33. Other People---Beach House
No one marries etherial wonderments with lo-fi intimacy quite like Beach House. Other People sees Alex Scally create another gorgeous tapestry, Victoria Legrand's voice sending mellow bliss and nostalgic longings sailing through the air.
32. Emmylou---First Aid Kit
An unapologetically folky yarn, filled to the brim with the slide guitars and twang that send shivers of discomfort down some spines. Those without the aversion, however, will be treated to handsome harmonies, expert song craft, and a transportive sense of beautiful hurt.
31. Earthforms---Matthew Dear
There's an inherent sense of naughtiness attached to Matthew Dear's best songs, like you're doing something you're not supposed to, and loving every minute of it. Earthforms is just such a sordid celebration, that commanding, propulsive bass line leading us from one gritty, dance-y movement to the next.
30. We Are Young---fun. feat. Janelle Monáe***
Am I the only one who still likes this song? Sure, some of the track's power has been lost in endless radio replays, but the maximalist pop pleasures of fun.'s breakthrough track are truly massive, and impossible to ignore. The, 'sing-a-long,' song of the year.
29. Hollywood Forever Cemetery Sings---Father John Misty***
A grimy lament afforded a sense of desperate urgency by power chords that hit like punches to the gut. Josh Tillman's twisted pining is both resonant and nightmarish, revealing glaring faults and addiction, offering himself up for solace, mercy, and judgement.
28. Poetic Justice---Kendrick Lamar feat. Drake
Lamar is a lot of things: a poet laureate of seedy city streets, an unrelenting self-examiner, and a rapper with a varied, dexterous flow. PJ features almost all of these angles, an intricate study of affection and self-valuation, "Love is not just a verb/It's you looking in the mirror," serving as Good Kid M.A.A.D. City's earnest mission statement.
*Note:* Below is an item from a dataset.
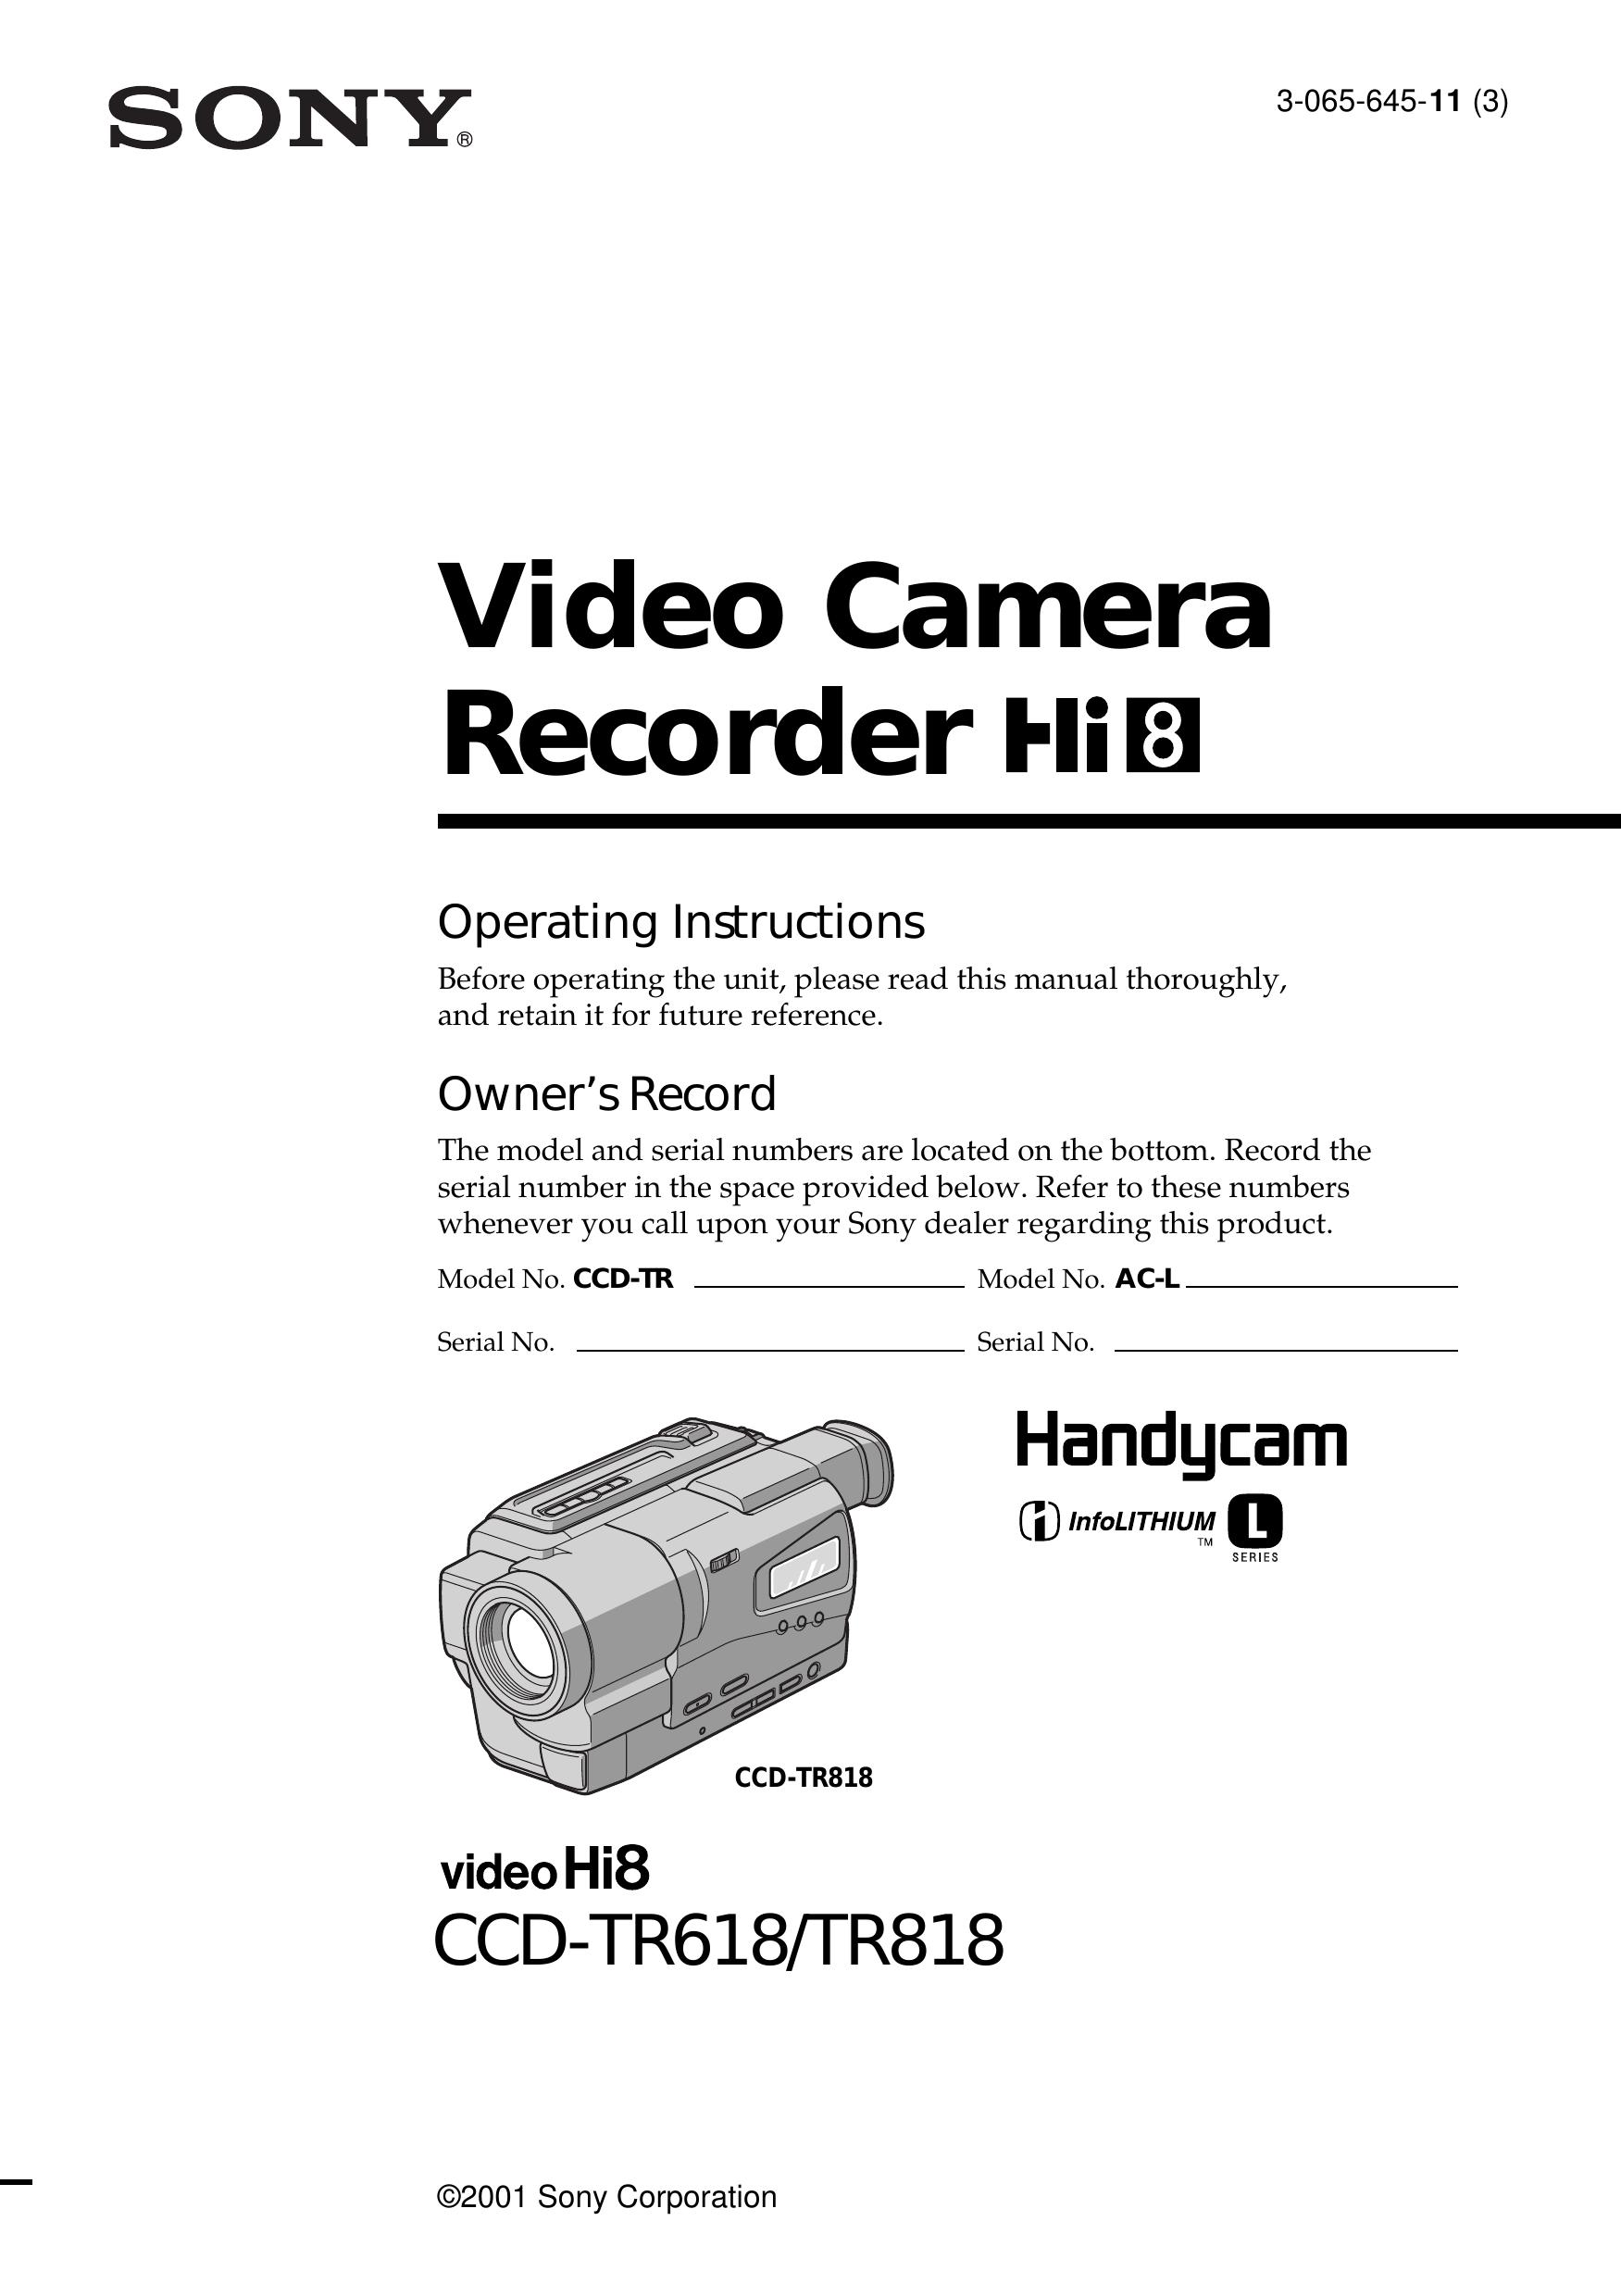 Sony AC-L Camcorder User Manual
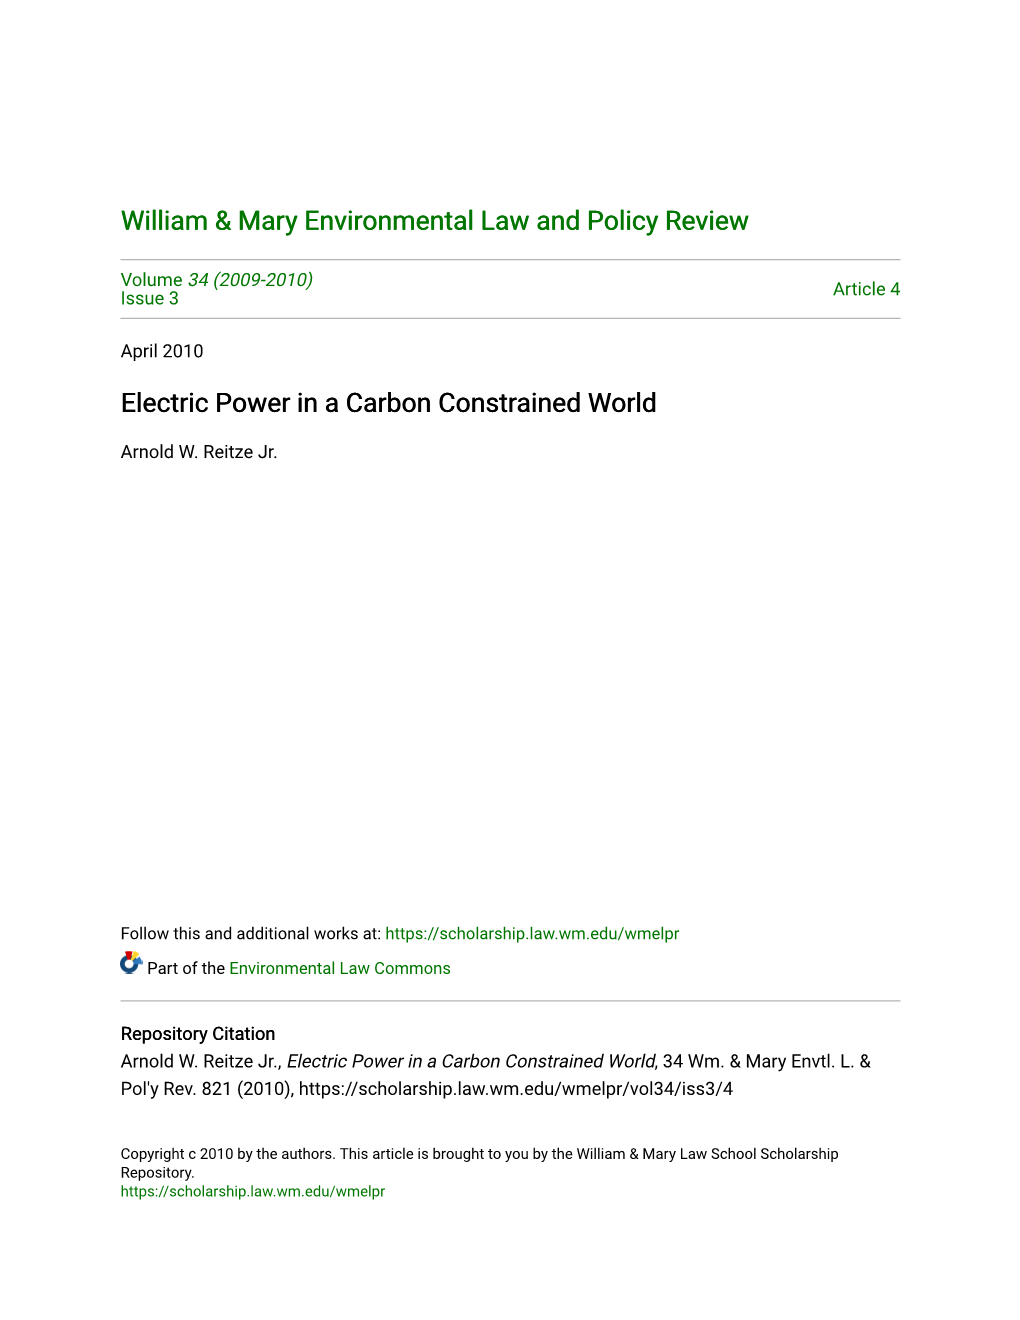 Electric Power in a Carbon Constrained World

27. This Year---Bowerbirds
The Clearing is a disc primarily occupied with beauty, seldom employing force to get its point across. This Year runs counter-current to this notion, building from a place of luminous smallness to an eye-popping, gravel-y climax.
26. The America Suite---Dan Deacon***
After all these months, my hypothesis remains; in my heart of hearts, I still think that the America suite was originally intended to be an entire EP unto itself. While the first half of Deacon's 2012 LP struggles to find consistent thematics, the disc's last four tracks congeal into a remarkably contained whole, each movement tuned into the same sense of oddity and hugeness that made Bromst such an indescribable, enchanting beast.